When Should My Child Get Sealants?
The ADA recommends getting sealants as soon as the first permanent molars appear, usually around age 6. Your child will need another application around age 12 when the rest of her adult molars come in. If your young child is especially at risk for cavities, we sometimes even recommend sealants for baby teeth. Sealants will usually need to be reapplied every five years or so to keep them in good working shape.
Are Sealants Safe?
With all of the hype about the BPA in plastics in recent years, we get questions from parents about whether sealants are safe. The ADA has done plenty of research on the issue and helps put things into perspective. The level of BPA in today’s dental sealants is tiny compared to levels found in food, dust, cosmetics and even the air we breathe. We can say with absolute confidence that sealants are safe.

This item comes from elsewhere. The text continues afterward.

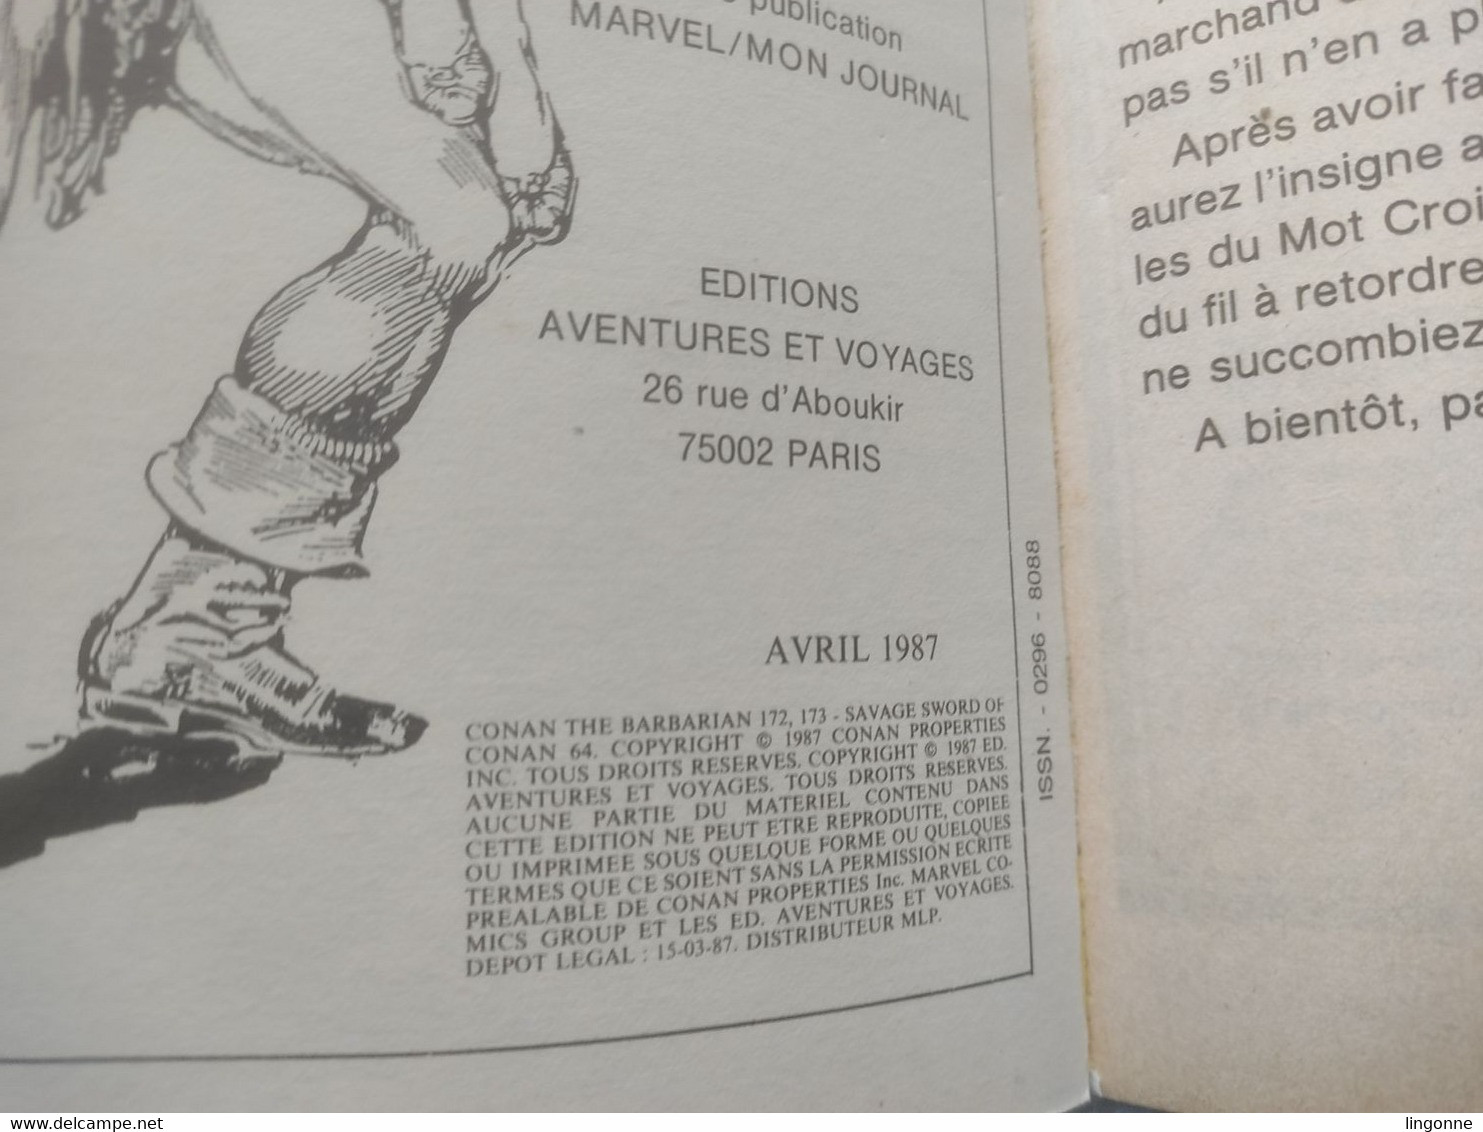 1987 Super CONAN N°19 Mensuel " Les Enfants De Rhan " Mon Journal - Conan
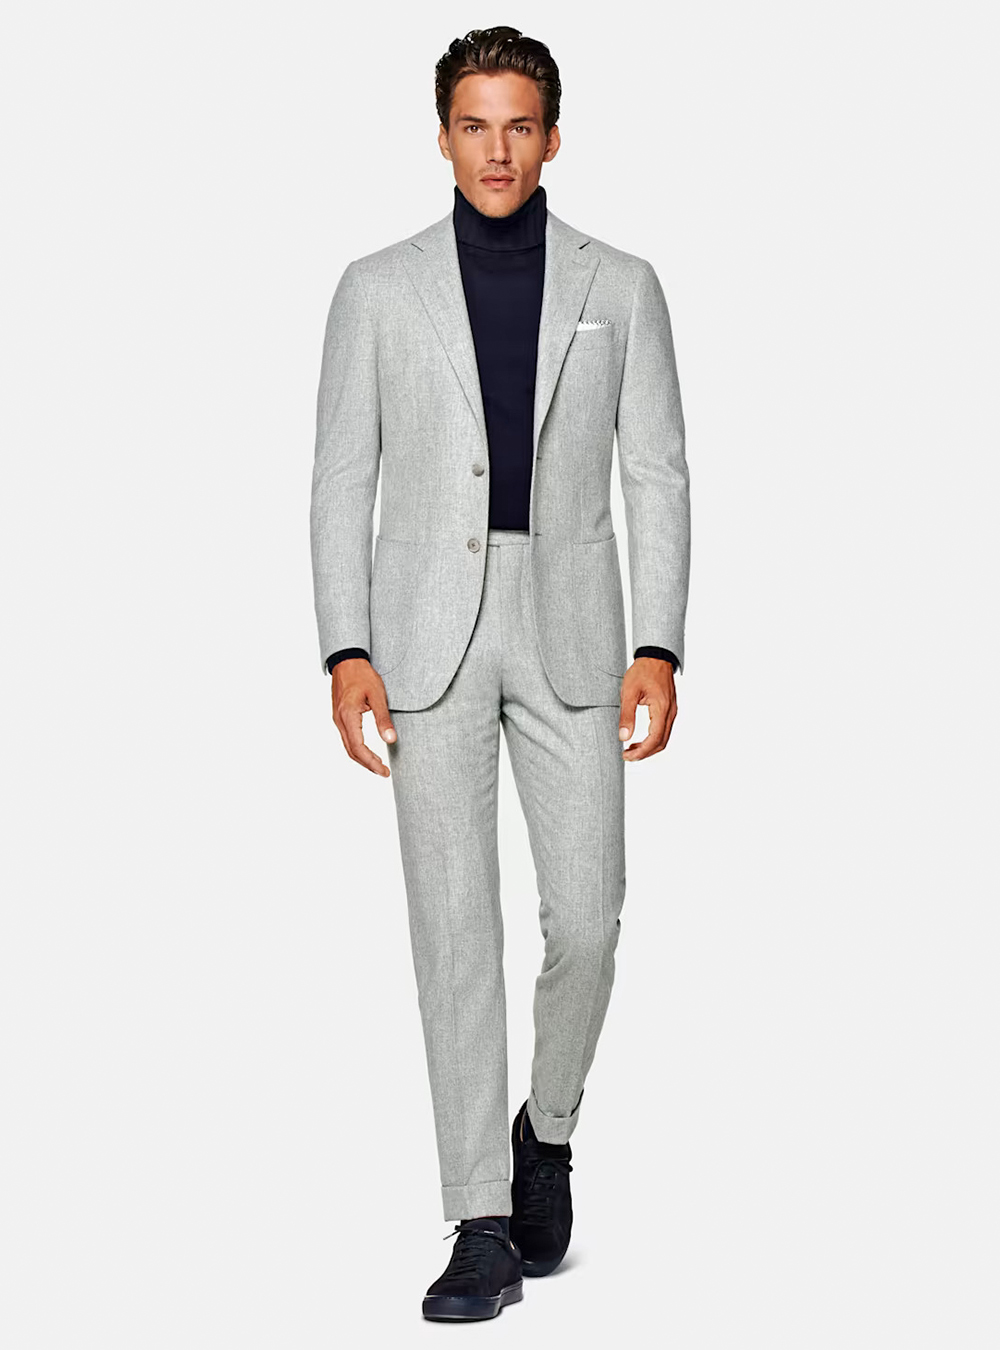 Light grey suit, navy turtleneck, and navy sneakers

Are Sealants Covered by Insurance?
Many parents don’t realize that sealants are more and more frequently covered by dental insurance. Insurers understand that preventing cavities can save them money down the road. We recommend contacting our insurance company to check on the details. And remember, even if sealants aren’t covered by your plan, they’re usually more cost effective than treating cavities down the road.
Dental Sealants at NOVA Pediatric Dentistry & Orthodontics
According to the CDC, children between 6 and 11 years old who don’t get sealants are three times more likely to get cavities. Sealants are beneficial for all children and especially necessary for kids who are at greater risk of decay because of genetic or lifestyle factors. As your child reaches elementary age, it’s a great time to talk with your pediatric dentist about adding dental sealants to your oral health tool kit. Our doctors have decades of experience with this safe, non-invasive procedure.
Remember, sealants are not a substitute for regular check-ups and brushing and flossing at home, but they can go a long way toward helping keep teeth healthy. And prevention is always our number one goal.